This repository implements Demo-EASE, which improves the sample efficiency of reinforcement learning for robotic manipulation by exploiting natural symmetries in the environment and integrating expert demonstrations through a combination of behavior cloning and reinforcement learning. The method is validated on point-to-point reach task with and without obstacles and pick-and-place, showing better learning performance compared to traditional RL.
The experiments are based on: 📄 Demo-EASE Paper
Each task has its own folder and can be run independently by executing main.py.
-
DemoEASE_P2P/
➤ Point-to-Point (P2P) reaching task using DDPG + Demo-EASE -
DemoEASE_P2PO/
➤ Point-to-Point with Obstacle, also using DDPG + Demo-EASE -
DemoEASE_PickPlace/
➤ Pick-and-Place task using PPO + Demo-EASE
![]() DDPG + Demo-EASE architecture |
![]() PPO + Demo-EASE architecture |
Each environment has its own version of the robot simulation (kinova_sim/).
- Clone the repository:
git clone https://github.com/amsoufi/DemoEASE.git
cd DemoEASE- Install dependencies:
pip install -r requirements.txt- Run a training experiment:
cd DemoEASE_P2P # or DemoEASE_P2PO or DemoEASE_PnP
python main.py- This codebase was built with heavy reference to OpenAI Spinning Up.

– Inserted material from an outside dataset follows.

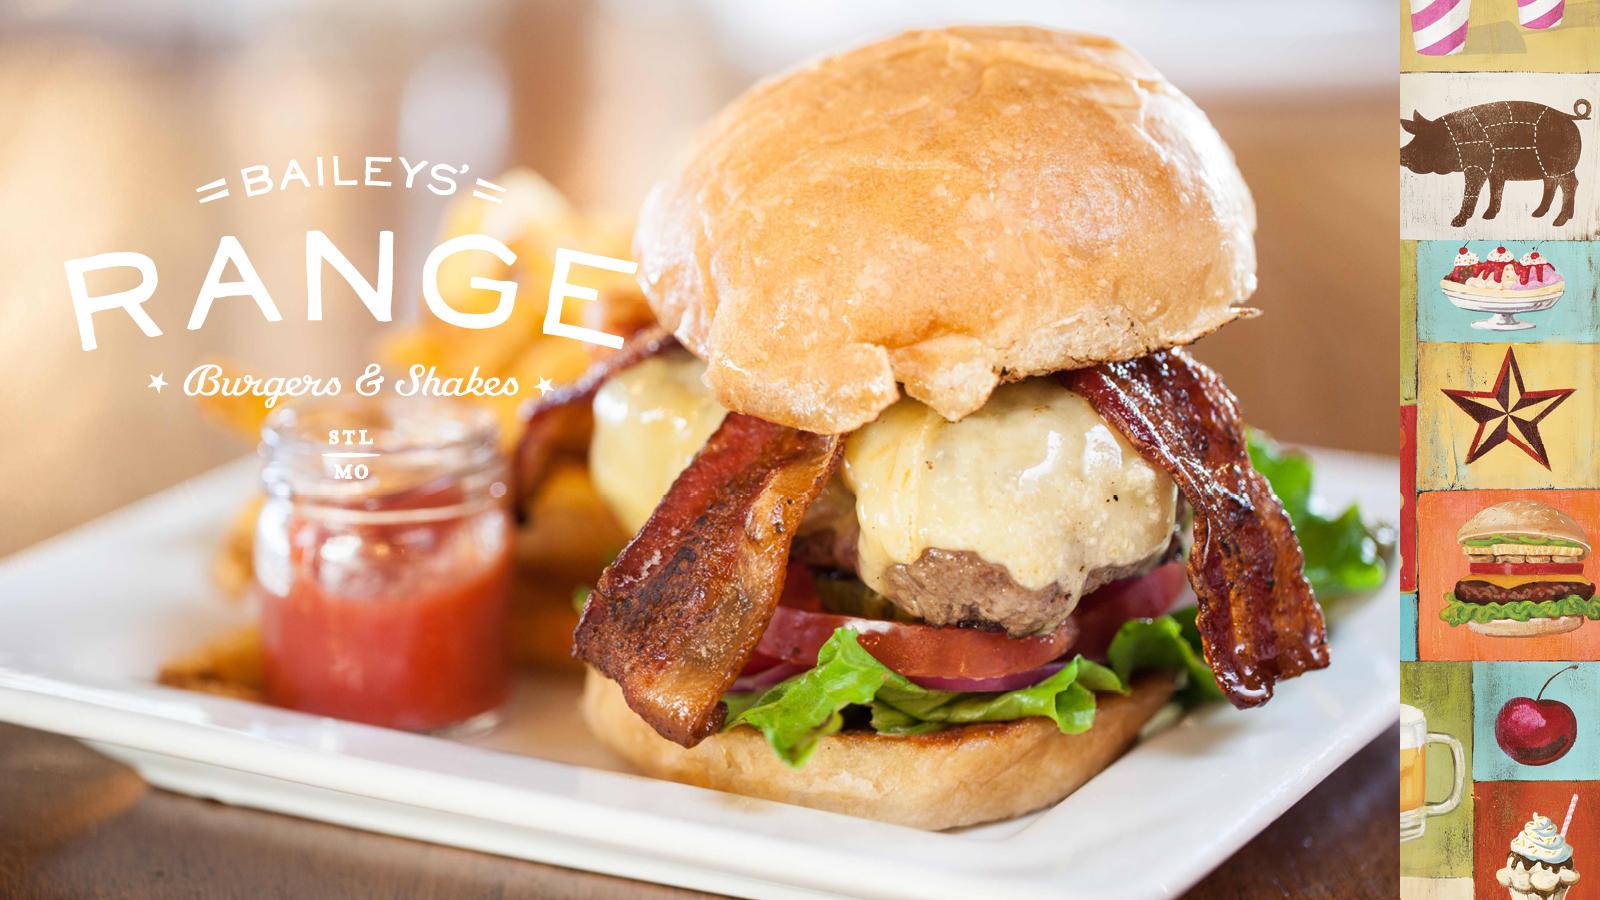 Baileys' Range Burger with Logo and Branding

- Each sub-project can be run independently by executing
main.py. - Saved logs and models will be created in the
data/folder of each sub-project. - Automated Experiment Script:
An example bash script (myscript.sh) is provided that automates runningrun.pywith different hyperparameter settings.
In the example, the hyperparameter being swept is the behavior cloning (BC) weight, but you can easily substitute it with any other desired hyperparameter (e.g., learning rate, discount factor).
Each trained model is saved with a timestamp and repeat number to organize the results automatically.
This project is licensed under the MIT License. See the LICENSE file for details.
Please cite the following if you use this work in your research:
A. M. S. Enayati et al., “Exploiting Symmetry and Heuristic Demonstrations in Off-policy Reinforcement Learning for Robotic Manipulation”, arXiv:2304.06055, 2023.